In today's competitive global economy, technological innovation is essential to long-term U.S. economic security, and the energy sector should be a particular priority. Failure to extend key U.S. clean energy initiatives would be contrary to U.S. interests.
Expansion in the clean energy industry will fuel economic progress and strengthen our national security. American scientific leadership has spurred innovative new energy generation and storage technologies -- from solar and wind power to fuel cells and electric vehicles. These sources can be domestically produced and deployed over time. And these are the energy options that the world's fastest-growing economies are using to support development without harming the environment.
Research by The Pew Charitable Trusts shows that the clean energy sector is growing rapidly -- by more than 600 percent in the past seven years. According to Bloomberg New Energy Finance, investments in this sector eclipsed those for conventional energy last year for the first time. Additional Pew research shows that investment in the sector could total some $2.3 trillion this decade.
As the leading inventor of modern energy infrastructure, the United States should be a prime beneficiary of emerging global interest in clean energy. But we are not capitalizing on our scientific advantage. Instead, we are abdicating manufacturing and deployment opportunities to other nations. Pew's "Who's Winning the Clean Energy Race?"2010 edition found that China and Germany have taken the lead in the sector and that the United States is falling behind on a variety of measures.

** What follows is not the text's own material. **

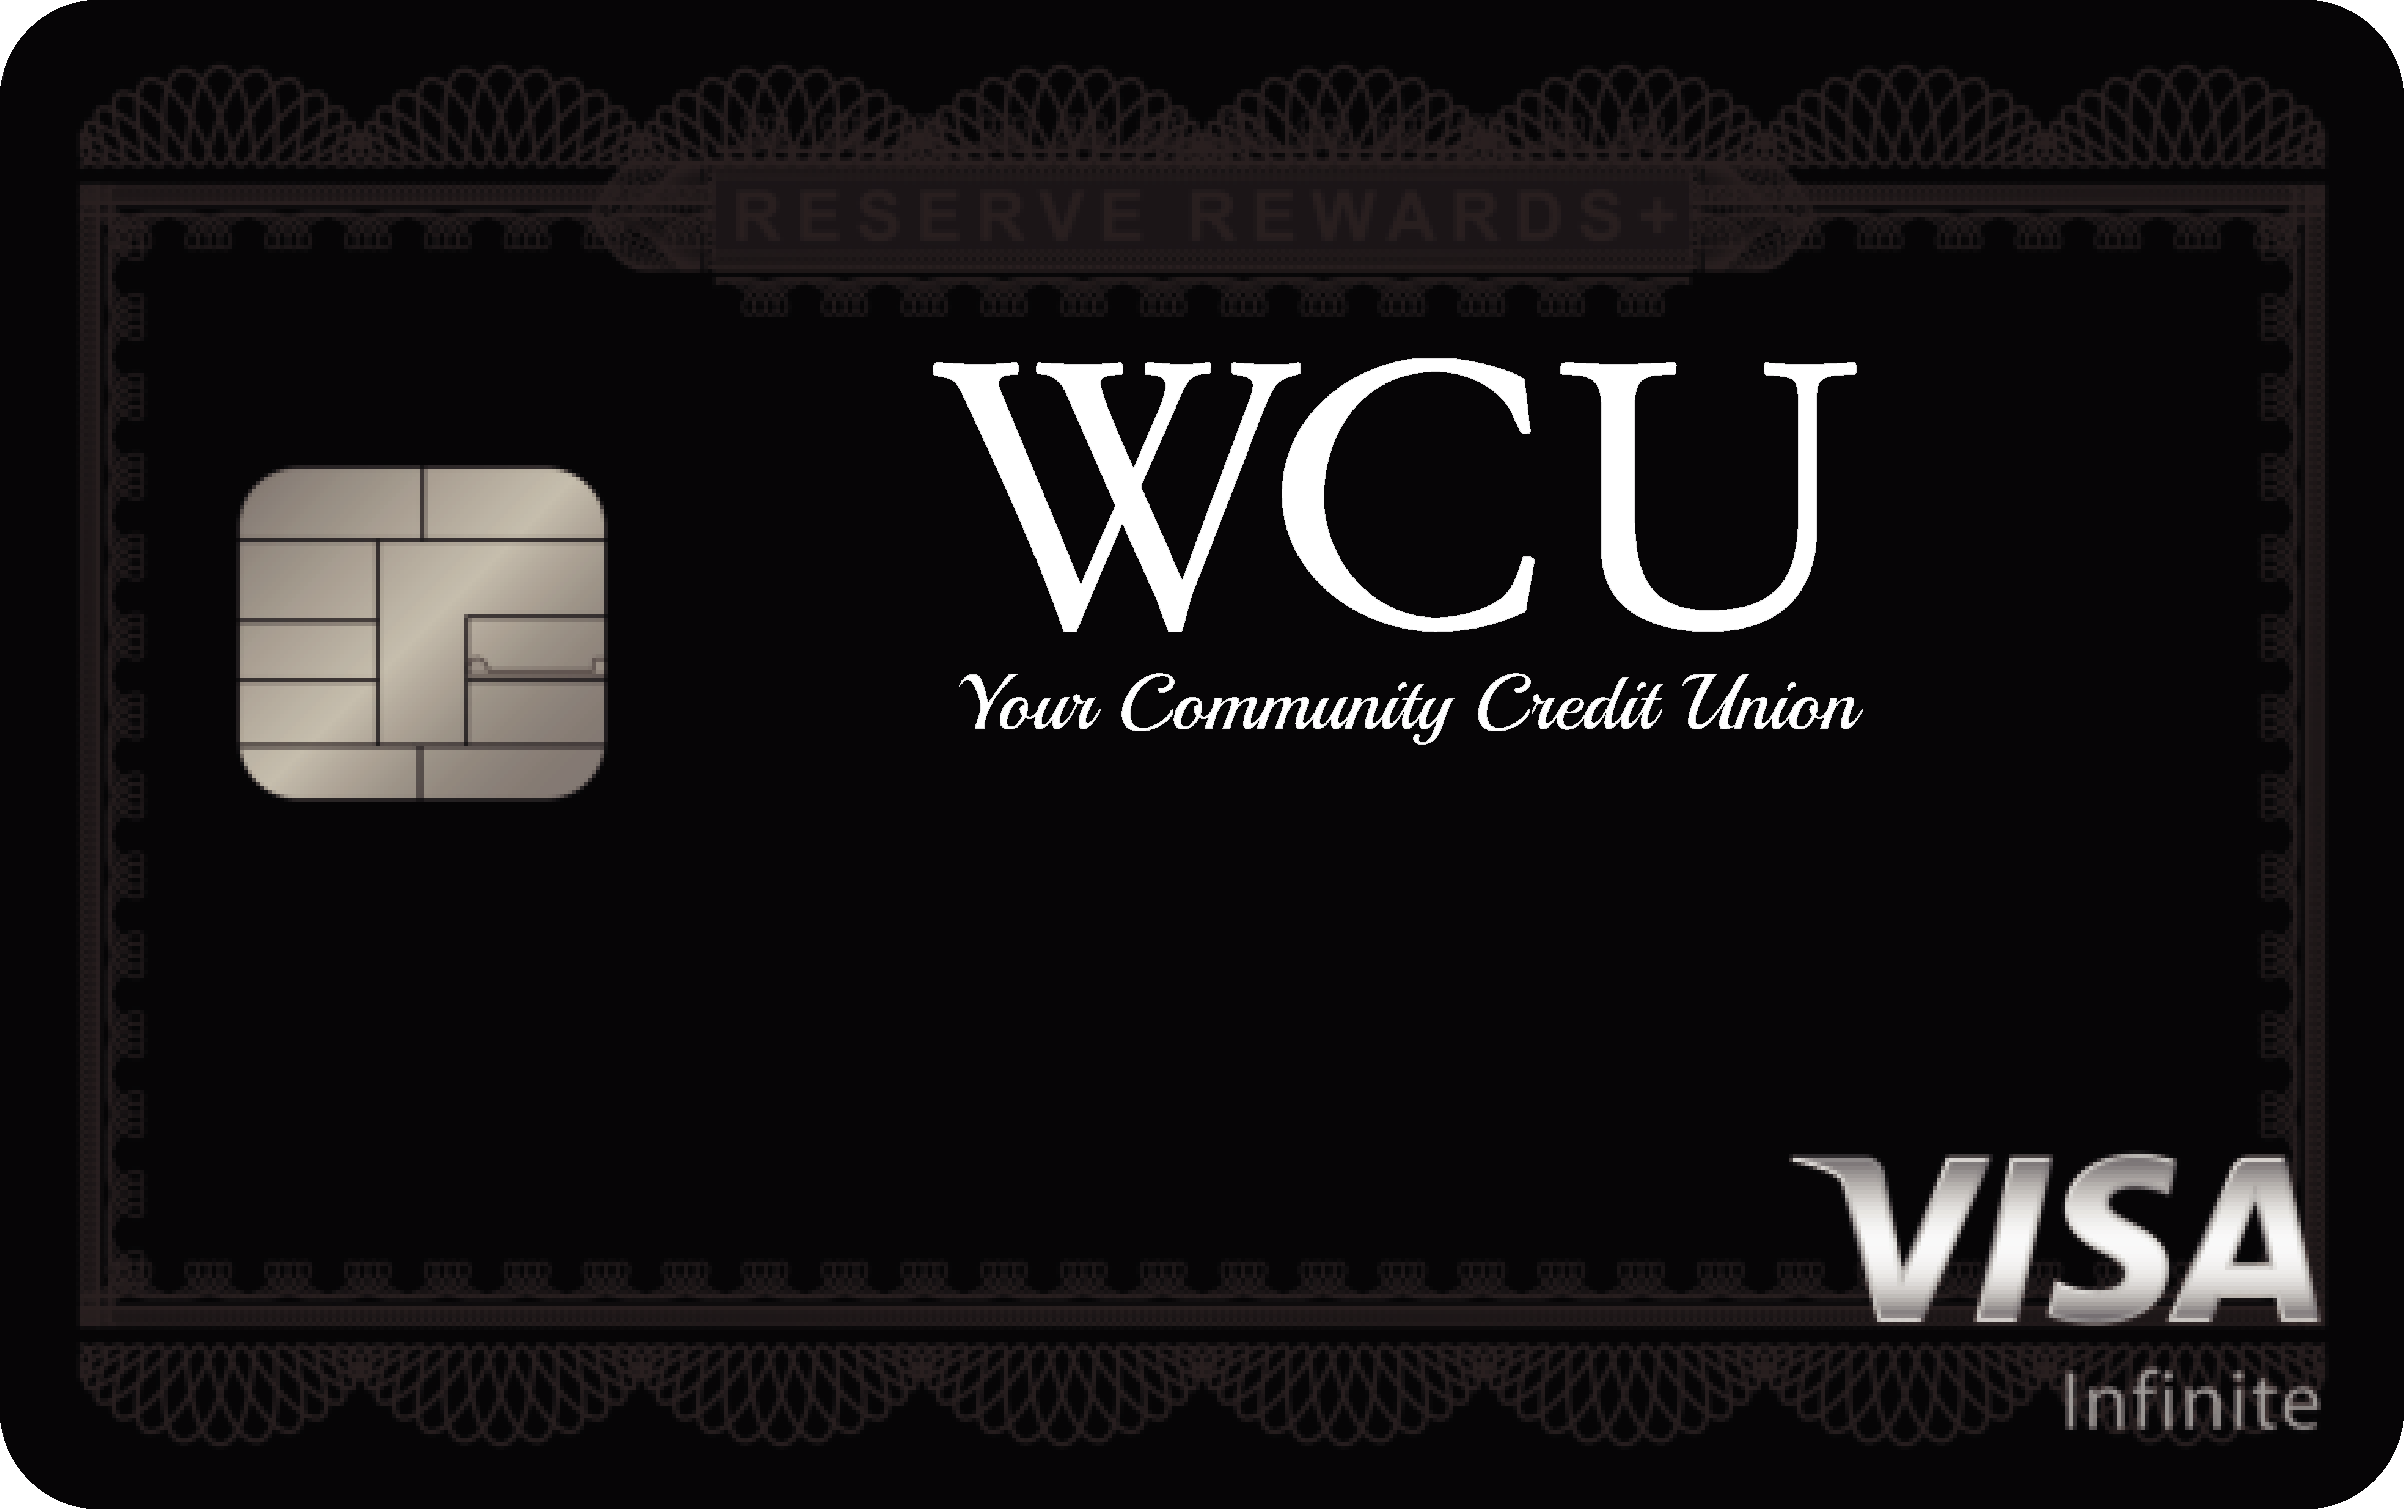 WCU Credit Union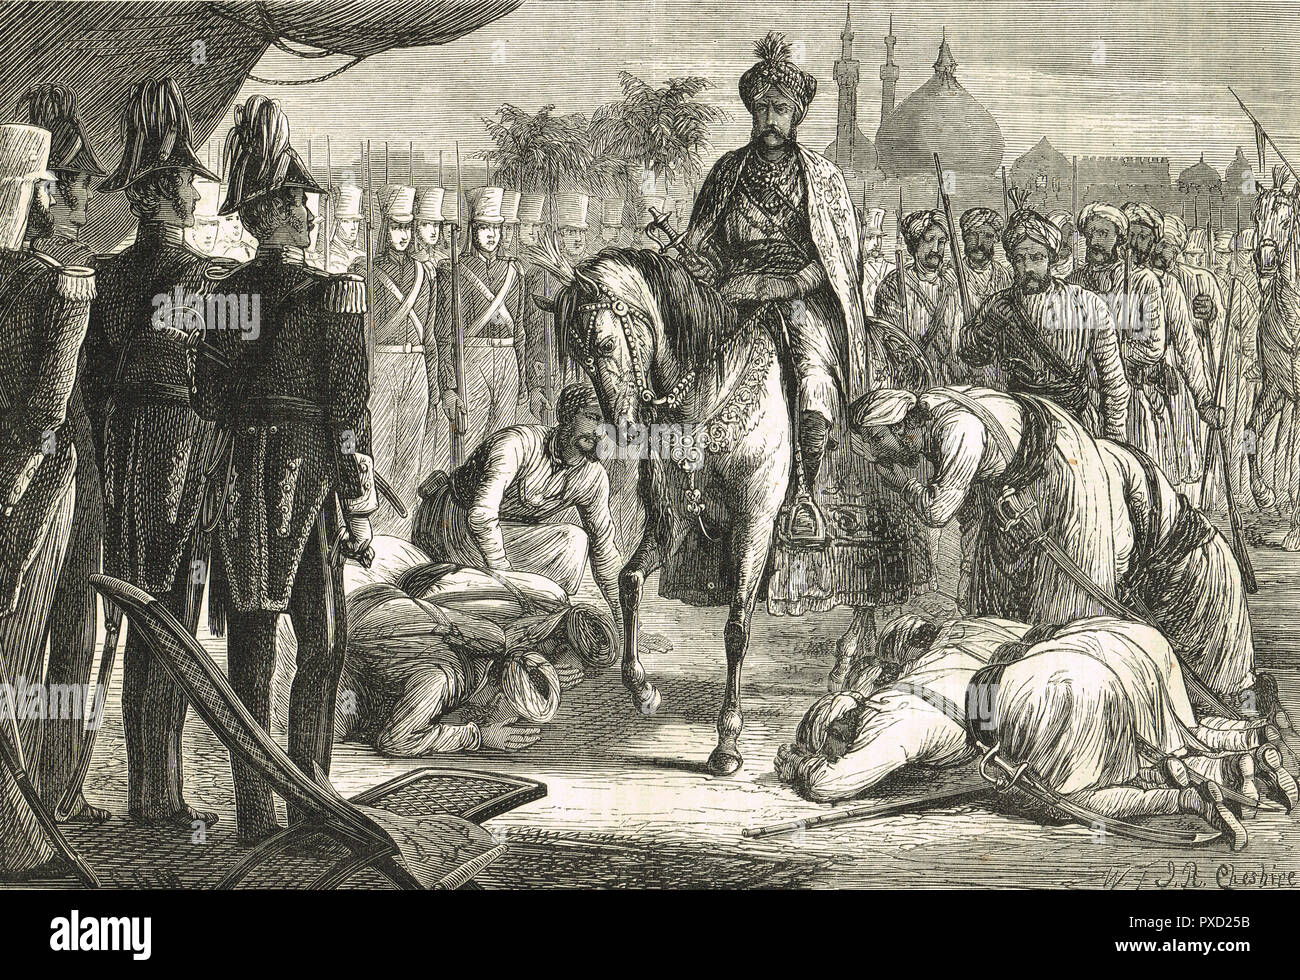 La entrega de Diwan Mulraj Sikh, líder de la rebelión contra los británicos, en el asedio de Multan, 22 de enero de 1849, India Foto de stock

The U.S. competitive position in clean energy is at risk because our policy environment is uncertain and capital is sitting on the sidelines. Simply put: Policy matters. Whereas China and Germany have long-term, national, clean energy policies to attract investment and spur job creation, the United States has provided limited incentives of short duration and no long-term reliability. This leaves business unable to adequately plan projects and investors searching for greener pastures.
Our research demonstrates that where national policy is strong, investment follows. Private finance and investment seek out and thrive in environments that offer market transparency, longevity, and consistency, and dry up in places that don't. The United States lacks such a policy.
Unlike a number of conventional energy supports, some of which have been in place for more than 50 years, clean energy tax measures are more modest, and they are not permanent. The energy playing field is not level, and it is not sensible to continue to subsidize technologies of the past while inhibiting our competitive position with respect to the fastest-growing global technologies and markets.
This month, Congress has the opportunity to send a signal about U.S. determination to compete and win in the global clean energy sector. Our legislators should extend three essential tax credits. One supports production in the wind industry, and the other encourages investment in industrial energy efficiency. Further, the Treasury Department's grant program for solar, known at 1603, should also be continued. These modest clean energy incentives should be extended to get capital off the sidelines, help U.S. industry compete globally, and contribute to a more prosperous, clean, and secure nation.